William "Bill" Yeager (born June 16, 1940, in San Francisco) is an American engineer. He is an inventor of a packet-switched, "Ships in the Night", multiple-protocol router in 1981.

== Education ==
He received his bachelor's degree in mathematics from the University of California, Berkeley in 1964; his master's degree in mathematics from San Jose State University in 1966; and completed his doctoral course work at the University of Washington in 1970.

== Career ==
From 1970 to 1975 he worked at NASA Ames Research Center where he wrote, as a part of the Pioneer 10/Pioneer 11 mission control operating system, both the telemetry monitoring and real time display of the images of Jupiter.

He joined Stanford University in August 1975 as a member of Dr. Elliott Levanthal's Instrumentation Research Laboratory. He was responsible for a small computer laboratory for biomedical applications of mass spectrometry. This laboratory in conjunction with several chemists, and the Department of inherited rare diseases in the medical school made significant inroads in identifying inherited rare diseases from the gas chromatograph, mass spectrometer data generated from blood and urine samples of sick children. His significant accomplishment was to complete a prototype program initiated by Dr. R. Geoff Dromey called CLEANUP. This program "extracted representative spectra from GC/MS data," and was later used by the EPA to detect water pollutants.
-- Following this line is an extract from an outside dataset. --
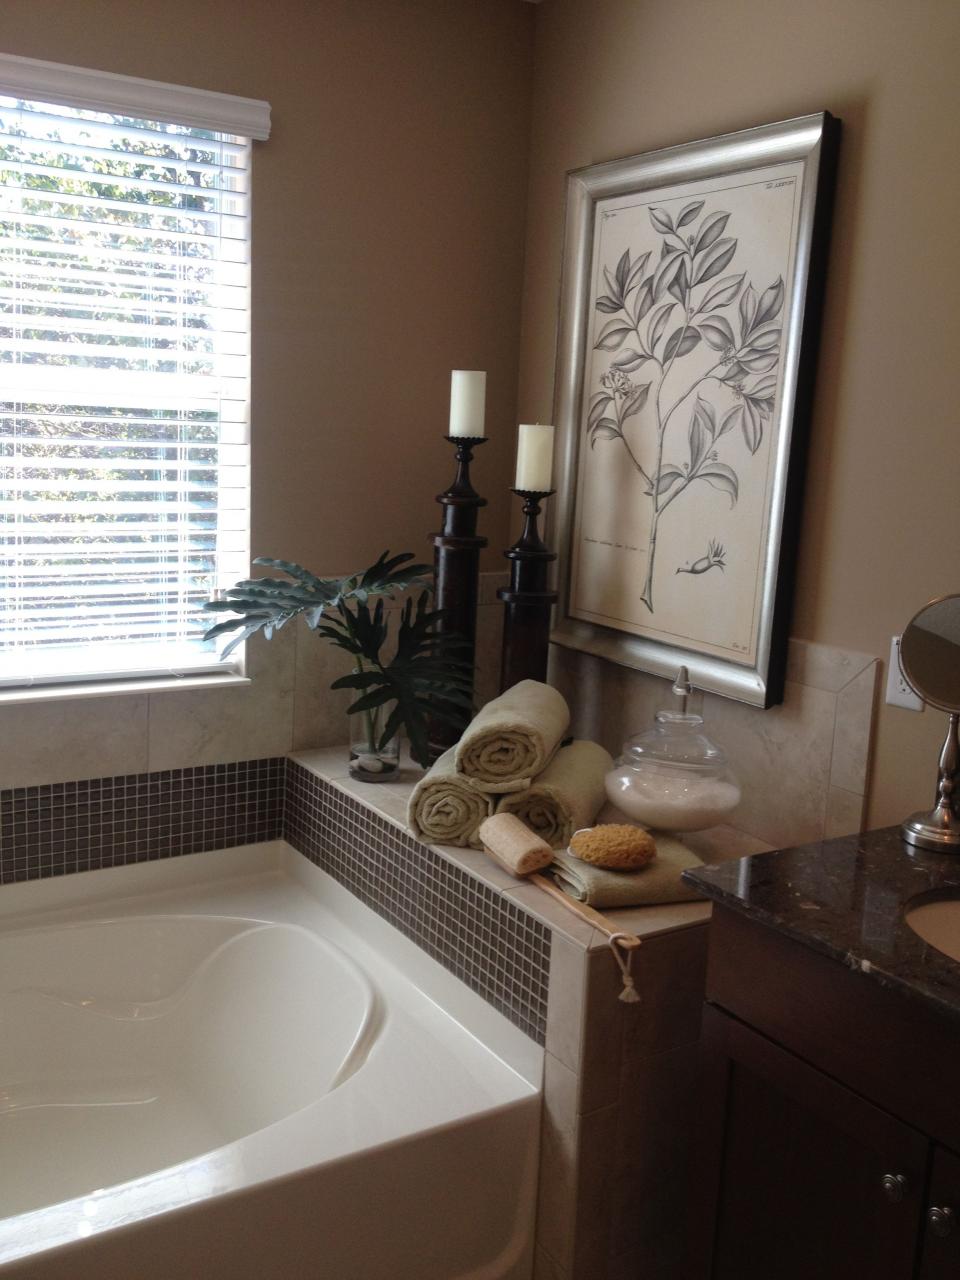 Best 25+ Bath tub decor ideas ideas on Pinterest Diy bathroom decor

At Stanford in 1979, Yeager wrote the ttyftp serial line file transfer program, which was developed into the Macintosh version of the Kermit protocol at Columbia University.
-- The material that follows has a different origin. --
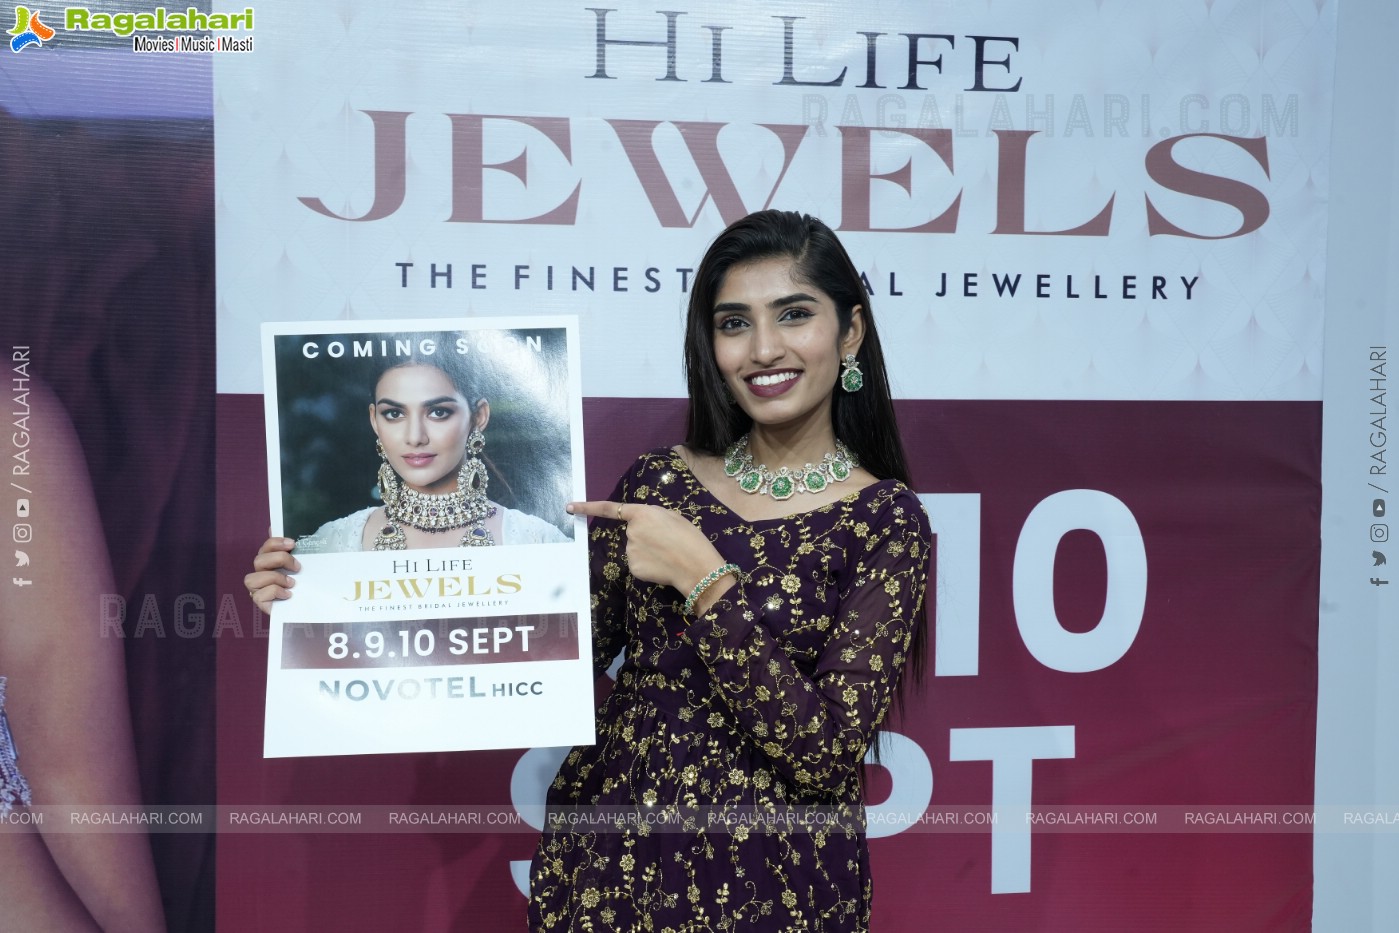 Hi Life Jewels Showcase Date Announcement Event

During his 20-year tenure at Stanford he worked in the Knowledge Systems Laboratory as well as the Stanford University Computer Science department. Yeager's 1981 Stanford router used his custom Network Operating System (NOS). The code routed PARC Universal Packet (PUP), Xerox Network Systems (XNS), Internet Protocol (IP) and Chaosnet packets. His NOS was also used in the EtherTIPS that were used throughout the Stanford LAN for terminal access to both the LAN and the Internet. This code was licensed by Cisco Systems in 1987 and became the core of the first Cisco IOS. This provided the groundwork for a new, global communications approach.
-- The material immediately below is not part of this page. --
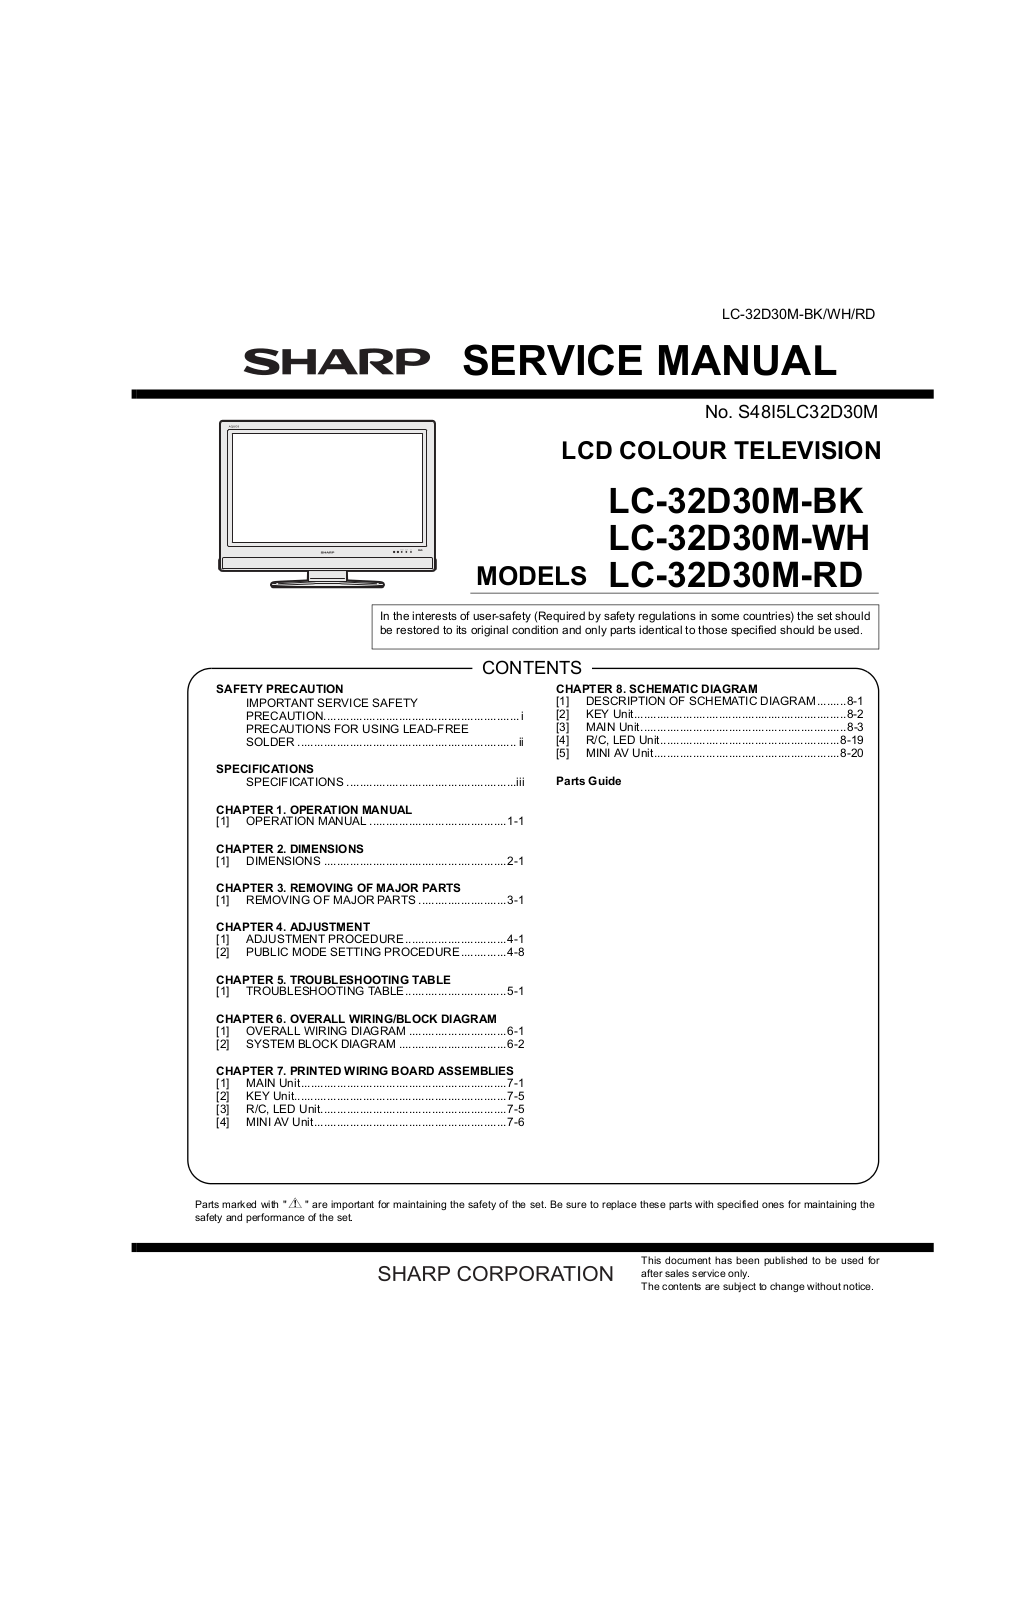 Sharp LC-32D30M Service manual

He is also known for his role in the creation of the Internet Message Access Protocol (IMAP) mail protocol. In 1984 he conceived of a client/server protocol, designed its functionality, applied for and received the grant money for its implementation. In 1985 Mark Crispin was hired to work with him on what became the IMAP protocol. Along with Mark, who implemented the protocols details and wrote the first client, MMD, Yeager wrote the first Unix IMAP server. Yeager later implemented MacMM which was the first Macintosh IMAP client. Frank Gilmurray assisted with the initial part of this implementation.

After his stint at Stanford he worked for 10 years at Sun Microsystems.

In the Summer of 1999 under the guidance of Greg Papadopoulos, Sun's CTO, and reporting directly to Carl Cargill, Sun's director of corporate standards, led Sun's WAP Forum team with the major objective, "... to work with the WAP Forum on the convergence of the WAP protocol suite with IETF, W3C and Java standards."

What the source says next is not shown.